#### INFORMATION SUPPLIED:
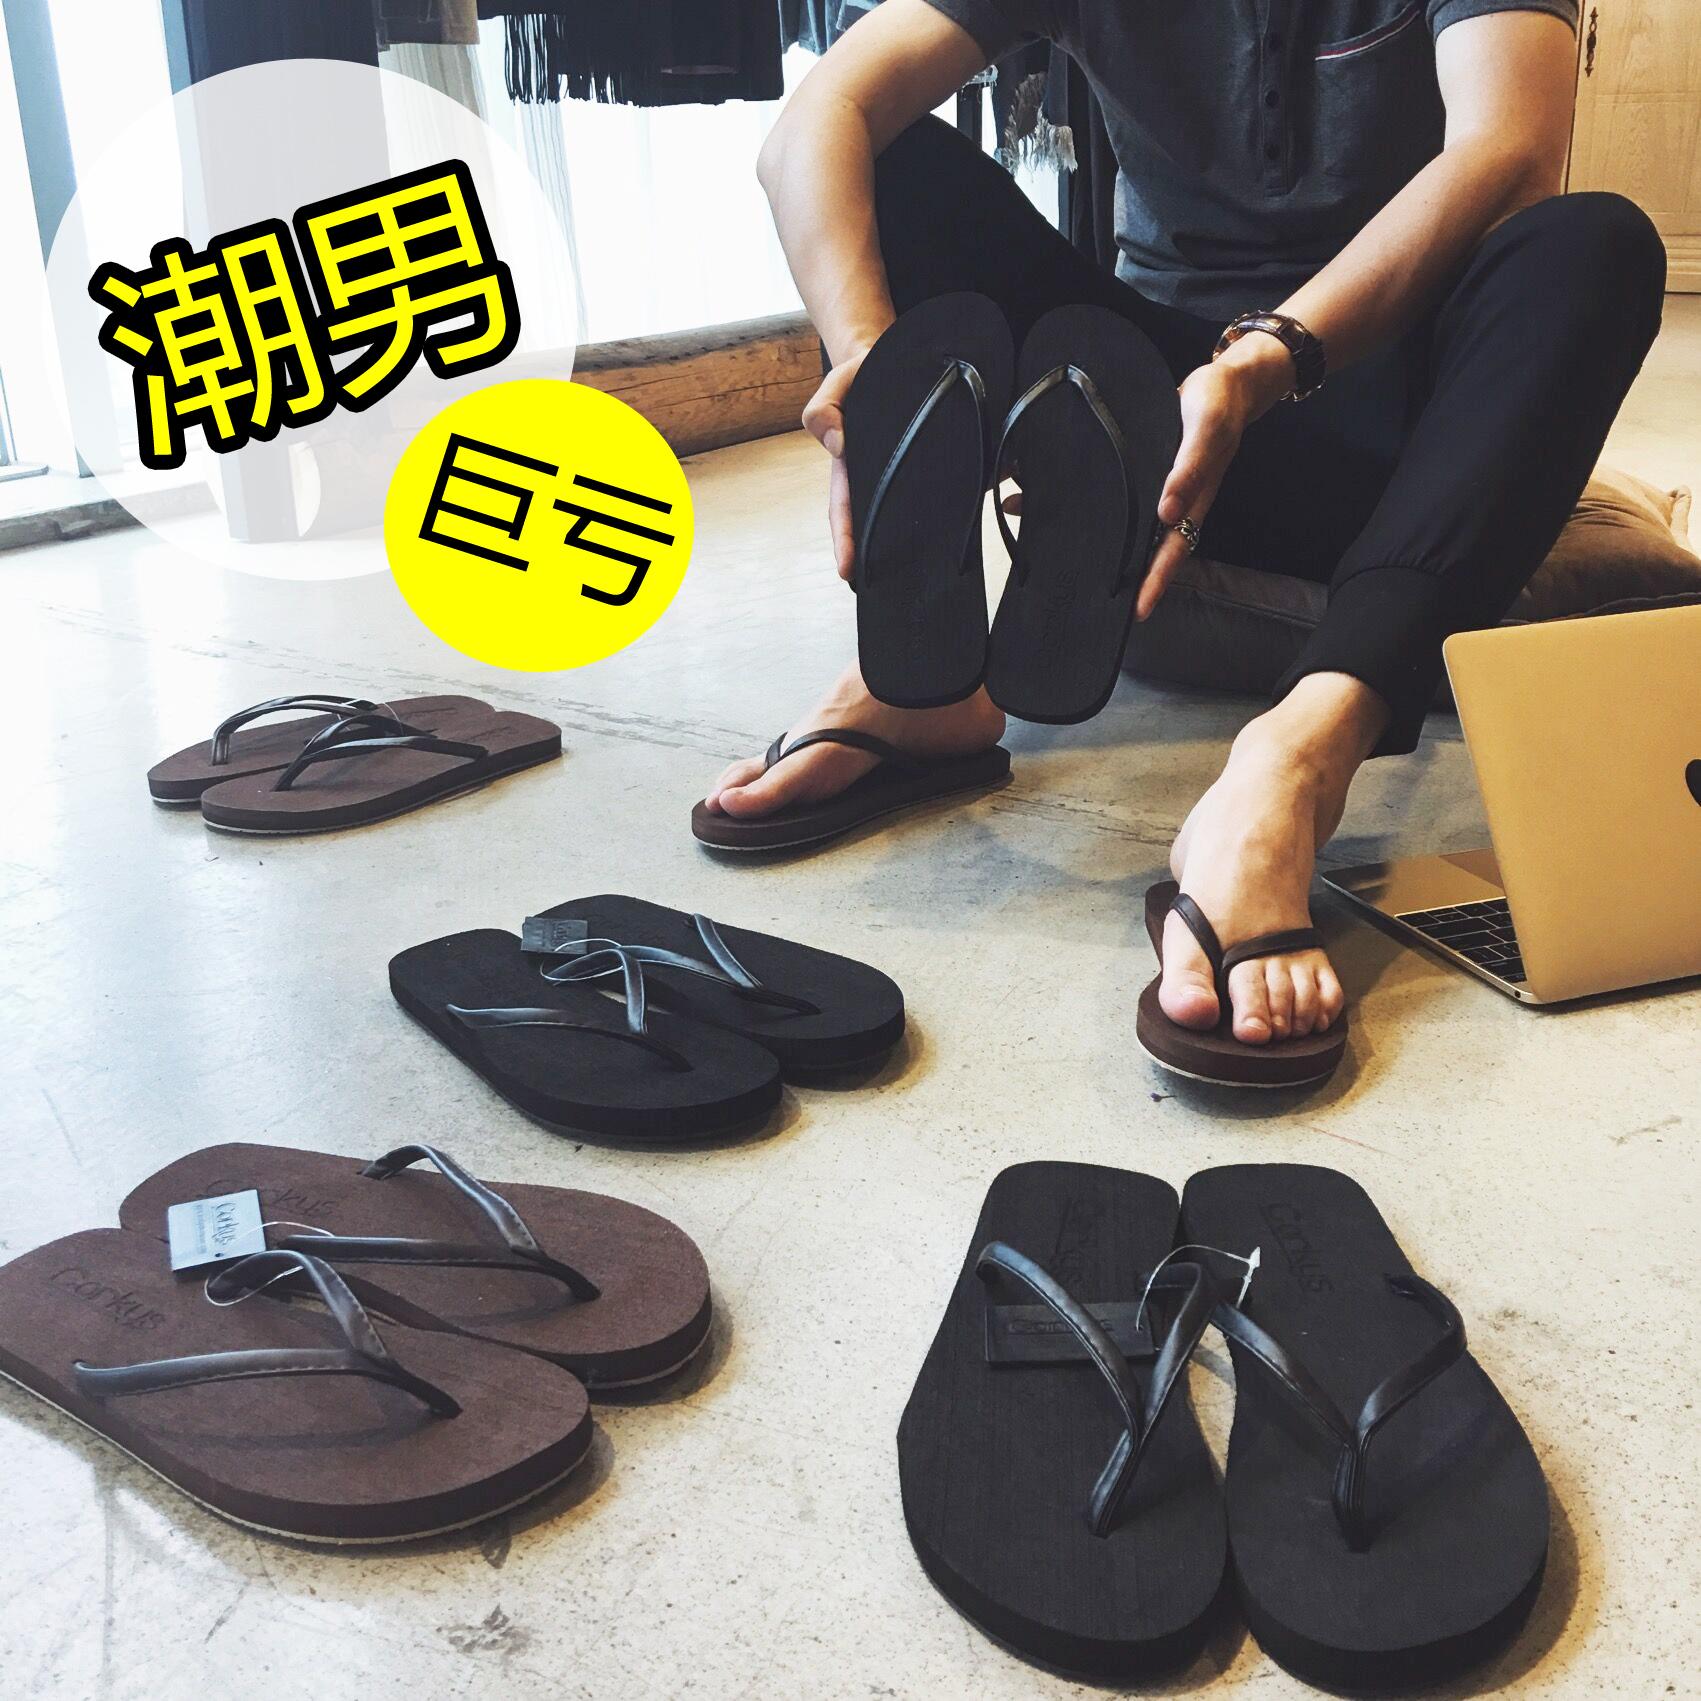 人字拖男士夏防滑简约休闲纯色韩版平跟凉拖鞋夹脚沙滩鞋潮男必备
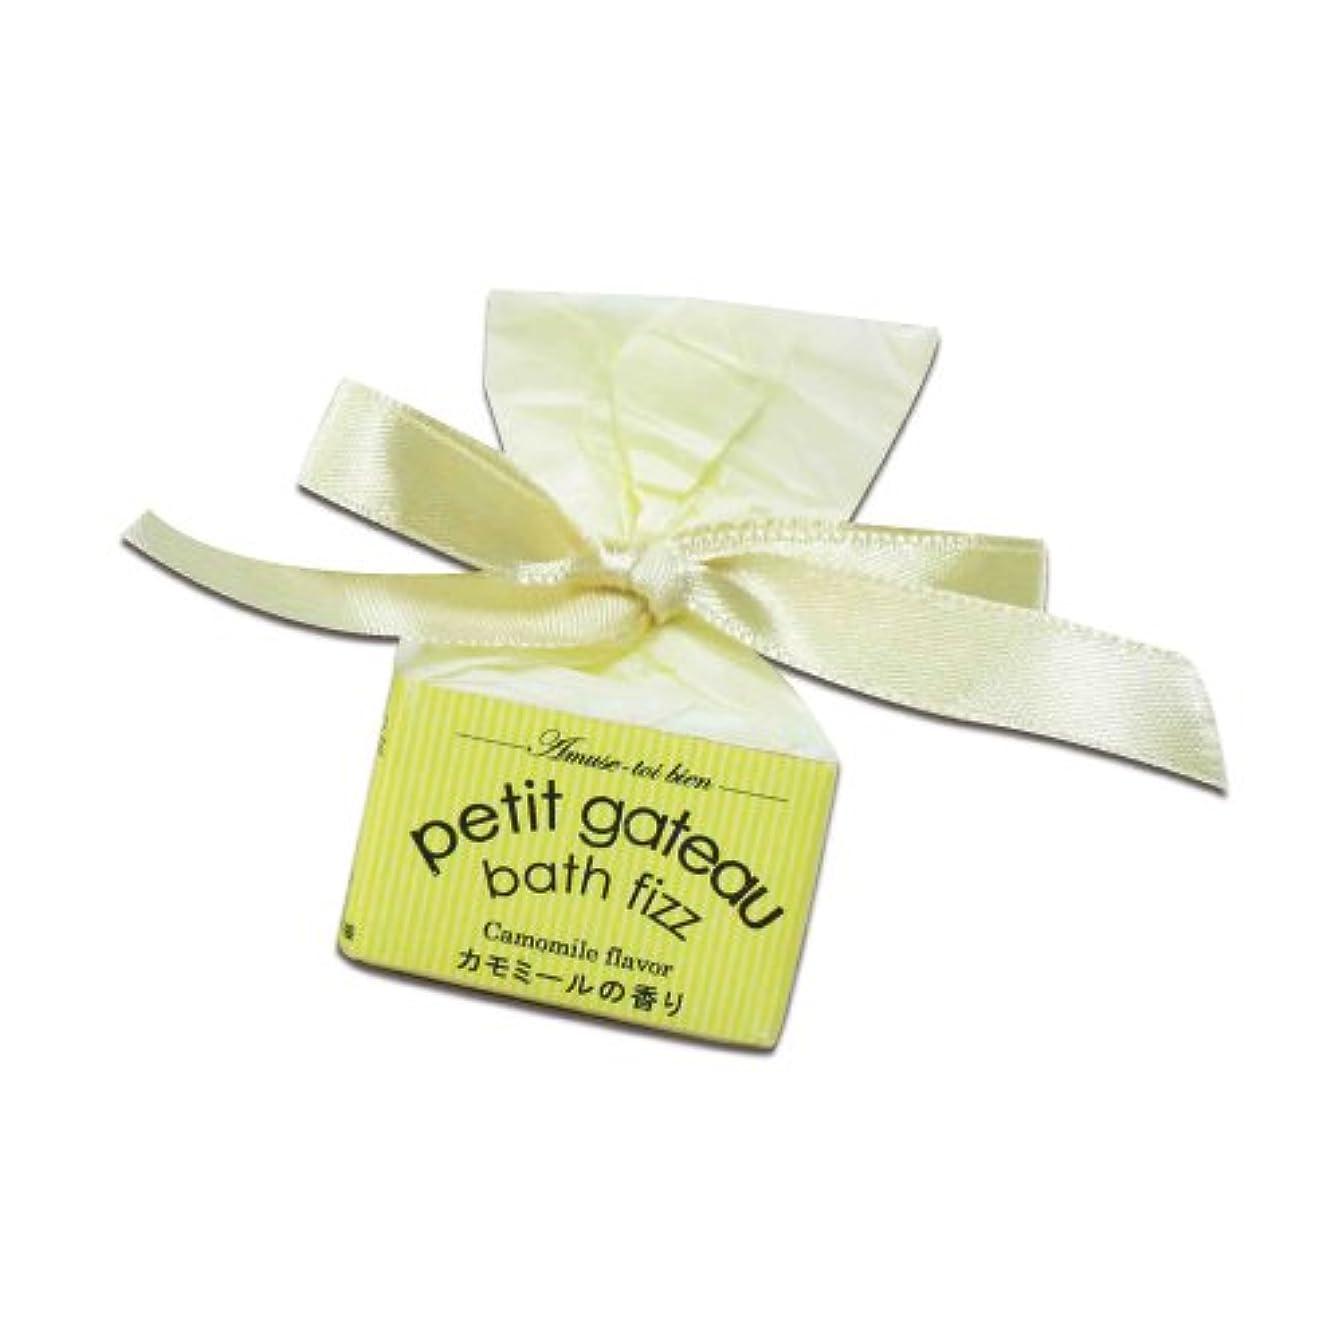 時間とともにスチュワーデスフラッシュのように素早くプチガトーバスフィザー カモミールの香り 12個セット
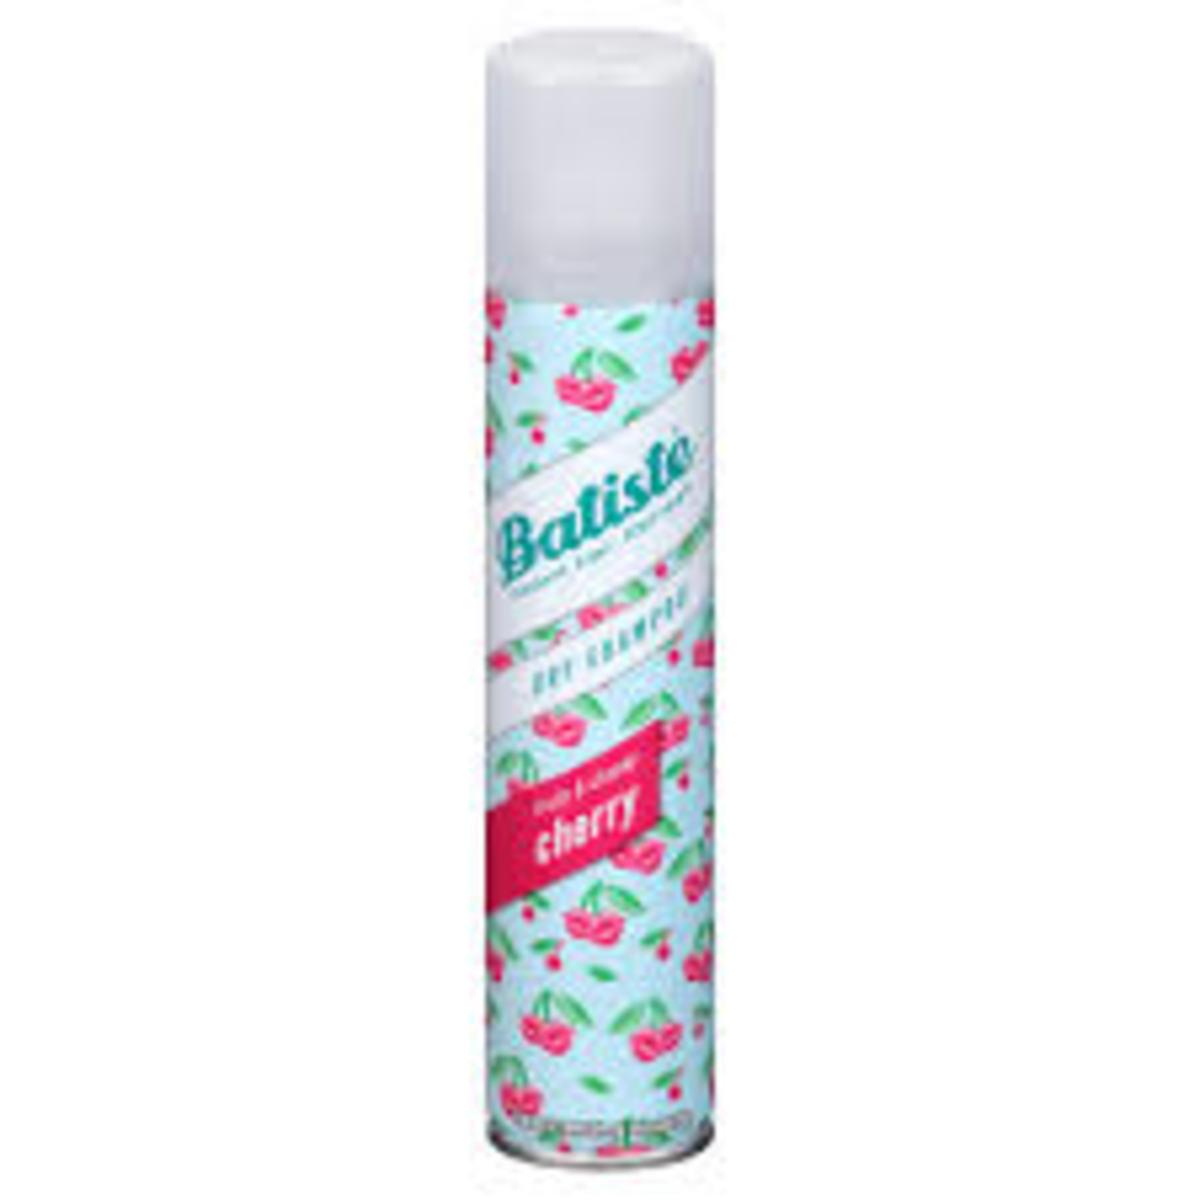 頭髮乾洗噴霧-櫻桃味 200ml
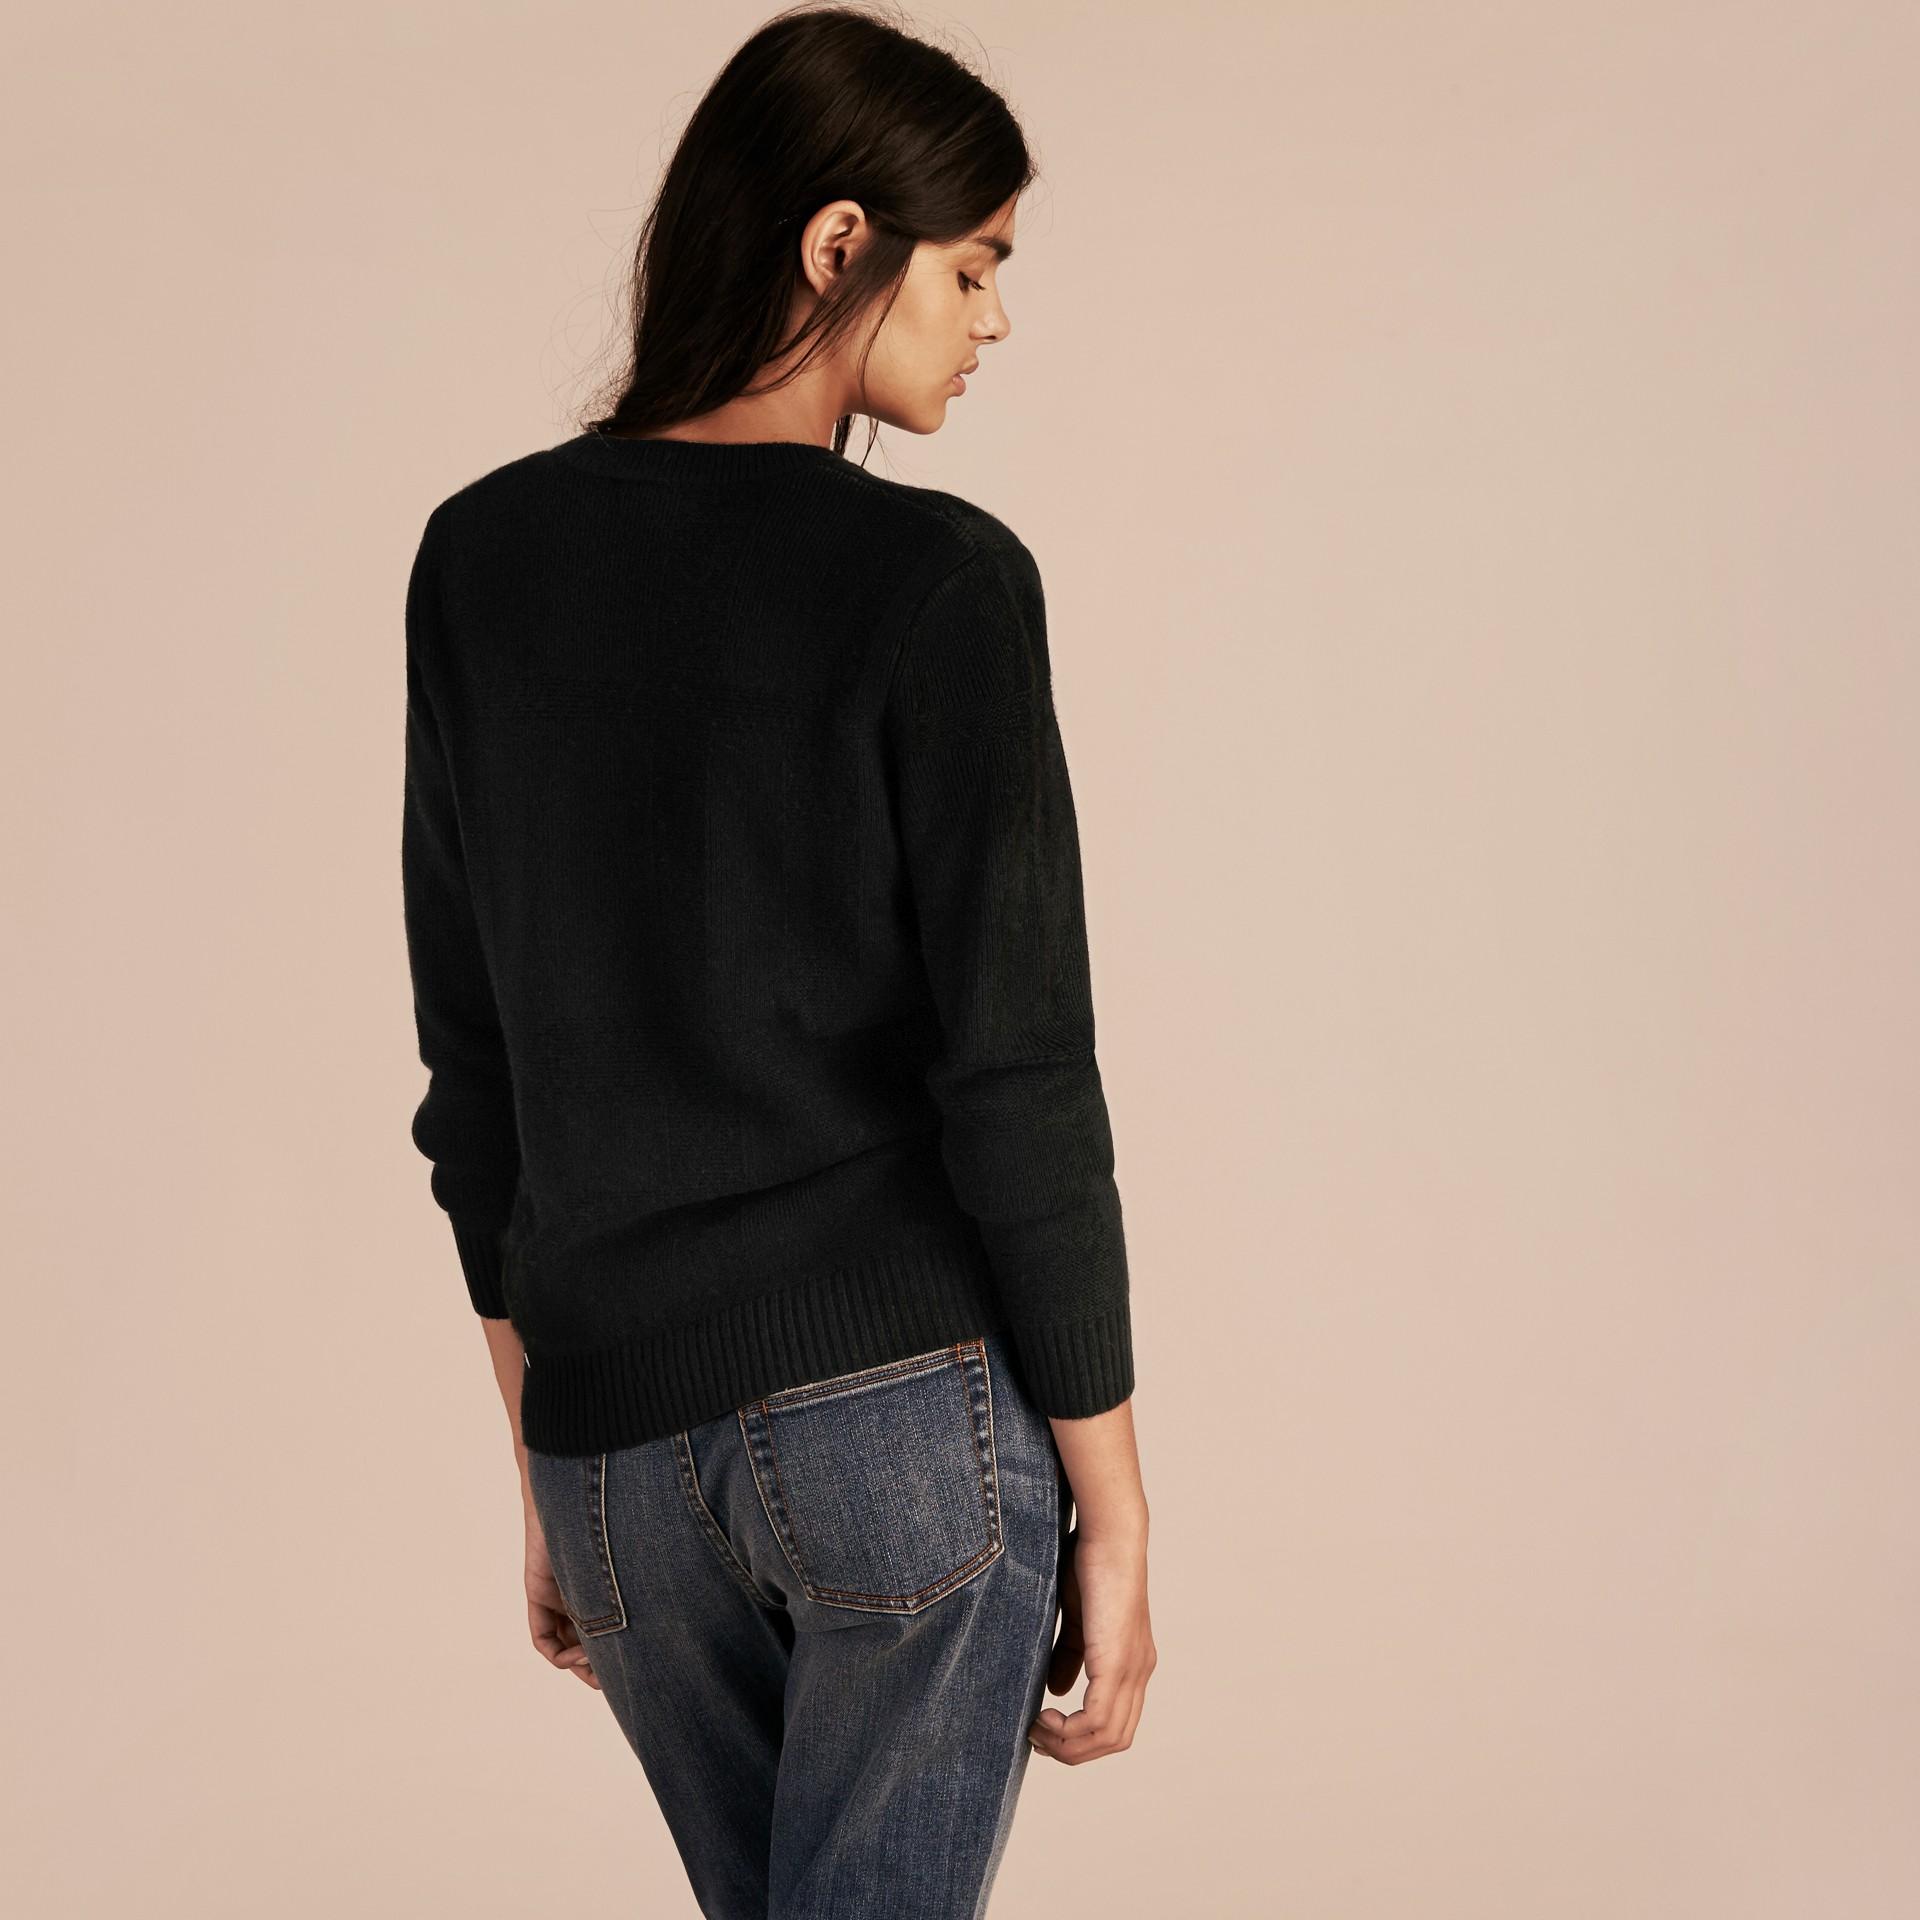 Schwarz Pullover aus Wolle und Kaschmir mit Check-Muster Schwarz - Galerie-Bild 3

#### EXERCISE:
Restate the data word for word, minus any images.

#### ANSWER FOR THIS EXERCISE:
 人字拖男士夏防滑简约休闲纯色韩版平跟凉拖鞋夹脚沙滩鞋潮男必备
 時間とともにスチュワーデスフラッシュのように素早くプチガトーバスフィザー カモミールの香り 12個セット
 頭髮乾洗噴霧-櫻桃味 200ml
 Schwarz Pullover aus Wolle und Kaschmir mit Check-Muster Schwarz - Galerie-Bild 3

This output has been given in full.